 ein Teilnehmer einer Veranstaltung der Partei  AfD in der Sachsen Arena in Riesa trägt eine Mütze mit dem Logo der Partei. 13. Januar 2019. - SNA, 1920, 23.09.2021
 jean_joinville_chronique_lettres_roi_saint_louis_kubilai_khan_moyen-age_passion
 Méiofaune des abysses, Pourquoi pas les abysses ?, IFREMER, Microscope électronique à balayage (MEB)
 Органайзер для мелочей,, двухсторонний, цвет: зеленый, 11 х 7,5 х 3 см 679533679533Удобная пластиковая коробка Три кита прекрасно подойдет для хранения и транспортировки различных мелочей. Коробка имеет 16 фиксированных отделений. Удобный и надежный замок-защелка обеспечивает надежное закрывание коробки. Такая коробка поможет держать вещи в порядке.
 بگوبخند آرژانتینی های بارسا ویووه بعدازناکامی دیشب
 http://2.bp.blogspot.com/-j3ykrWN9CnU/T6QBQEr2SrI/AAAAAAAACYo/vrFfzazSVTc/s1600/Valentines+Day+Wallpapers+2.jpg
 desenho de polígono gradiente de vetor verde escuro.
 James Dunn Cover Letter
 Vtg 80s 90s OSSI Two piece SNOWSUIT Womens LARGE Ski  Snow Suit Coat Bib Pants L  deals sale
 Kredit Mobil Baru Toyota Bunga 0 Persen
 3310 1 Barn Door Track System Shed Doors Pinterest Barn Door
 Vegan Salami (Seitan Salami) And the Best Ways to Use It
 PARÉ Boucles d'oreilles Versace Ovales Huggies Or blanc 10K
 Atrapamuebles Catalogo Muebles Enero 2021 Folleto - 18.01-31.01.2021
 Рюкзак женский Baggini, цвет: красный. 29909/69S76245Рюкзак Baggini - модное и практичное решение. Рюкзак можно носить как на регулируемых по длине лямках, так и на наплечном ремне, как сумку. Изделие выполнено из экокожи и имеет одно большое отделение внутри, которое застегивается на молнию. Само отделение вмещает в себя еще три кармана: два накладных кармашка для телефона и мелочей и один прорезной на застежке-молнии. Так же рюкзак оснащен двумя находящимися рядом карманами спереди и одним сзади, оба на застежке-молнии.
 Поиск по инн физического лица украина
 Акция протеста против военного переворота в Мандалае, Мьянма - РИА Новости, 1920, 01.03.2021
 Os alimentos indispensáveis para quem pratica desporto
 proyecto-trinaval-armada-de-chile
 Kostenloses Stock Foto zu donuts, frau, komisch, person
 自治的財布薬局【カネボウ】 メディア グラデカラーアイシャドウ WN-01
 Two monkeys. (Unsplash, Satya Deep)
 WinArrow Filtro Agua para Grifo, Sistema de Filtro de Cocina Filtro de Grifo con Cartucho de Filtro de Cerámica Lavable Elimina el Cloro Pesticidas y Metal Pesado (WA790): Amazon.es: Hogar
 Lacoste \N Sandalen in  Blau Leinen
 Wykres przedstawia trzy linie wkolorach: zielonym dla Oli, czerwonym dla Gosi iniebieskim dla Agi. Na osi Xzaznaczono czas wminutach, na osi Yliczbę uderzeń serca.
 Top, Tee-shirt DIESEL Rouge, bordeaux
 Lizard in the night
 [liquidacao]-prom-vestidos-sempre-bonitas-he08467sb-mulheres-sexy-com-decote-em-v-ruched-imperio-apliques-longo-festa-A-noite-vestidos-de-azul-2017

######

== DIRECTIONS ==
Of the lines above, extract only those from the line with "Vegan Salami (Seitan" to the line with "Atrapamuebles Catalogo Muebles", both included, exactly as written.

== SOLUTION FOR THIS PROBLEM ==
 Vegan Salami (Seitan Salami) And the Best Ways to Use It
 PARÉ Boucles d'oreilles Versace Ovales Huggies Or blanc 10K
 Atrapamuebles Catalogo Muebles Enero 2021 Folleto - 18.01-31.01.2021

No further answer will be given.